Sunflower: Sunflower (Helianthus annuus) causes allergic contact dermatitis in sensitive individuals after contact with the sesquiterpene lactones contained in fragile, multicellular, capitate glandular hairs (Hausen and Spring 1989). Cattle have been poisoned in Europe after ingesting plants that did not have mature seeds. This is a result of nitrate toxicity, which has caused sickness and death (Cooper and Johnson 1984).
Sweet Pea: Sweet pea (Lathyrus odoratus) is a summer annual commonly cultivated because of its beautiful fragrant flowers. The pods and seeds contain BAPN (beta-aminopropionitrile), which causes osteolathyrism, a syndrome characterized by skeletal deformities and aortic rupture. This chemical was first extracted from sweet pea plants and has since been found in some other members of the genus Lathyrus. Horses are more susceptible to this syndrome than other livestock. Most of the information on osteolathyrism is based on experimental work. This problem has not occurred in humans; instead, see neurolathyrins under grass pea ( Lathyrus sativus). In Canada, ingesting enough sweet pea to cause osteolathyrism is not likely (Selye 1957, Cheeke and Schull 1985).
These are just a few of the plants that are considered poisonous. You'll notice that only one of the listings contains "goats" in it. It is my opinion that too much of anything can be bad. This perhaps stresses the importance of ALWAYS keeping baking soda available free choice.
Alot of people feed alfalfa. Even alfalfa is considered a poisonous plant! Imagine feeding your goats nothing but alfalfa daily. This kind of illustrates that a plant can be poisonous yet useful at the same time to some degree. If the diet consists of different nutritional items, each could tend to counteract the ill effects of another.

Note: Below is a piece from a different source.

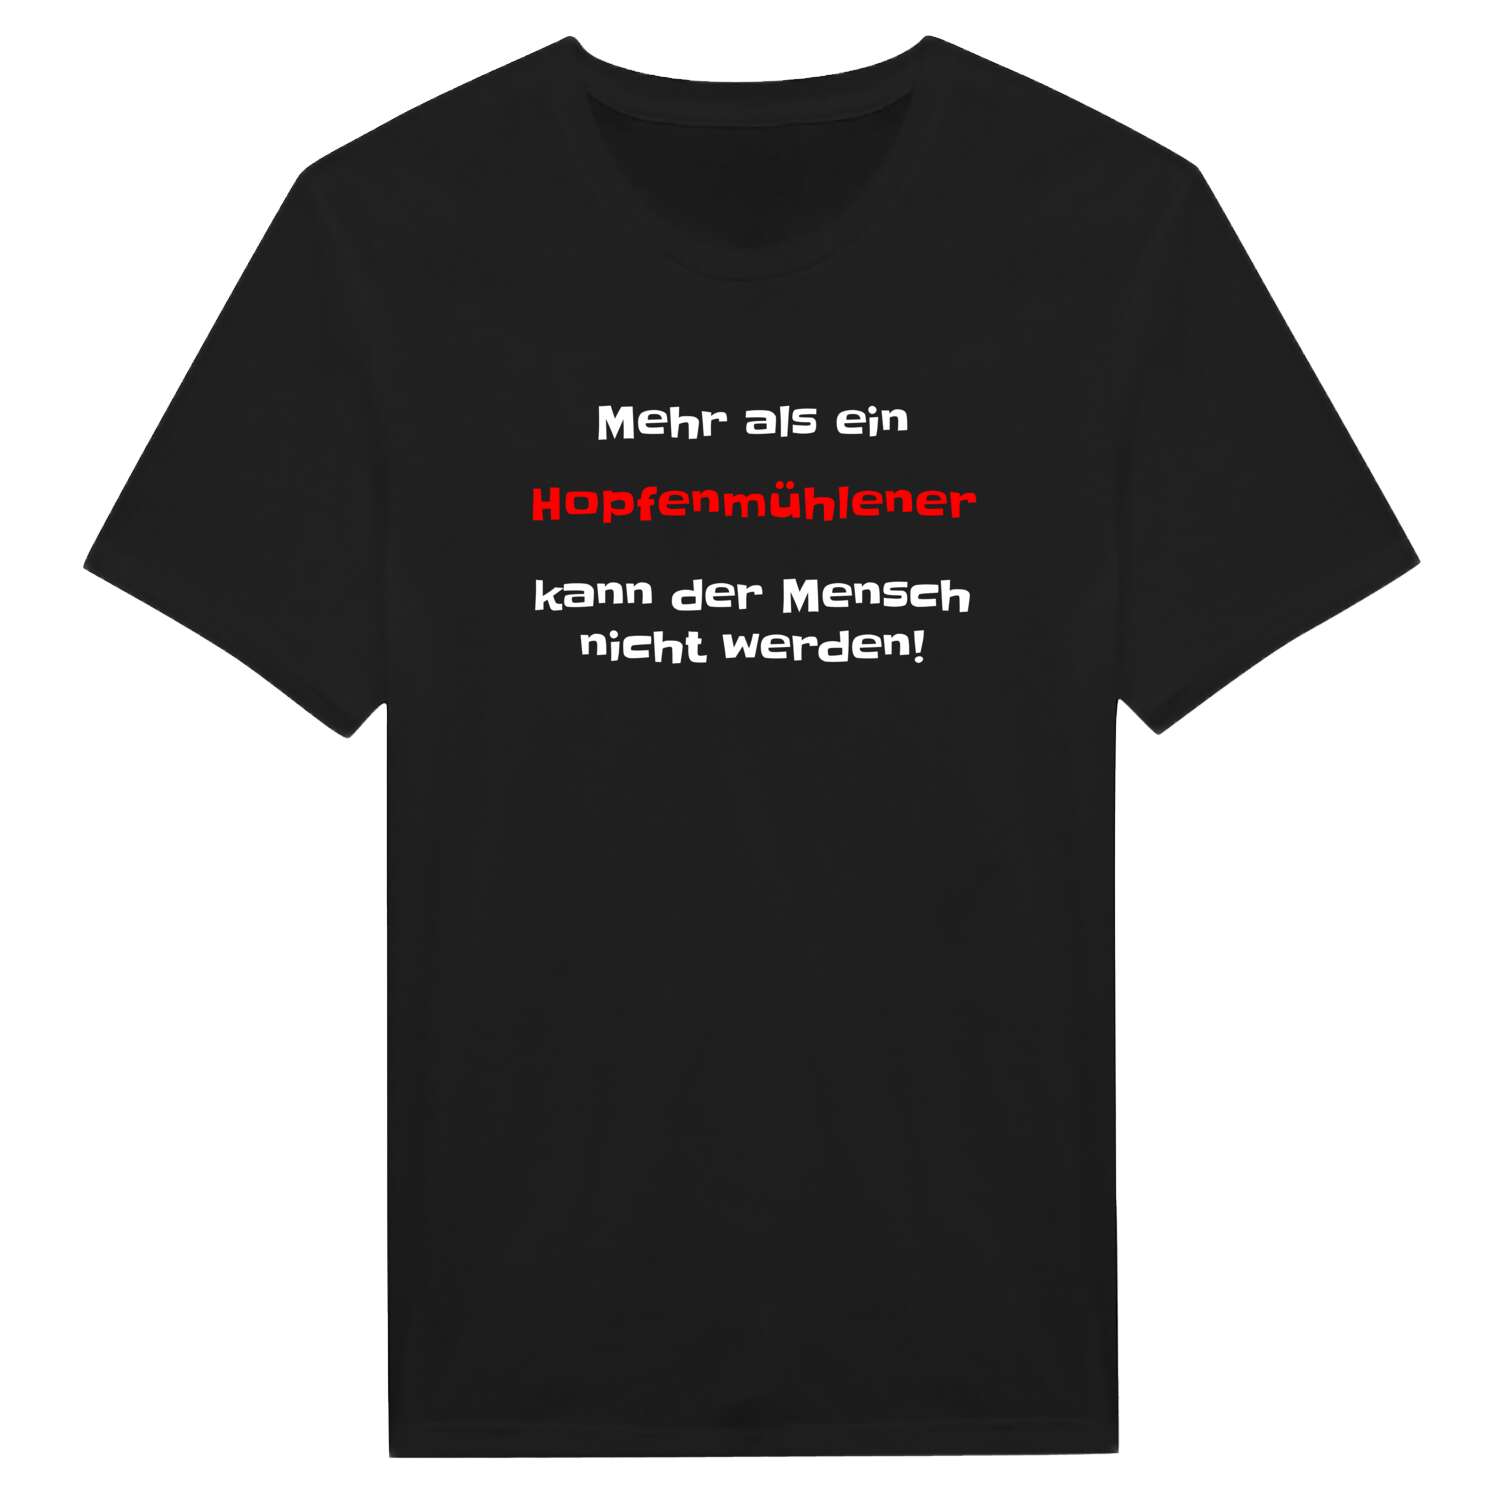 Hopfenmühle T-Shirt »Mehr als ein«

Alfalfa: Alfalfa (Medicago sativa) is an important forage and silage crop in Canada. However, under some circumstances, alfalfa can cause a variety of different toxic problems. Ingesting rapidly growing alfalfa at the vegetative to mid-bud stage can cause bloat in cattle and sheep (Hall and Majak 1989). Alfalfa has also caused photosensitization in cattle with white skin (MacDonald 1954). Alfalfa contains phytoestrogens which cause infertility in animals, including cattle and sheep. These compounds are also contained in some alfalfa pills that are found in health food stores, and these may cause problems in some cases (Cheeke and Schull 1985). Alfalfa also contains saponins that can interfere with the growth of poultry and thus reduce egg-laying (Fuller and McClintock 1986, Oakenfull and Sidhu 1989). Low saponin cultivars have been developed.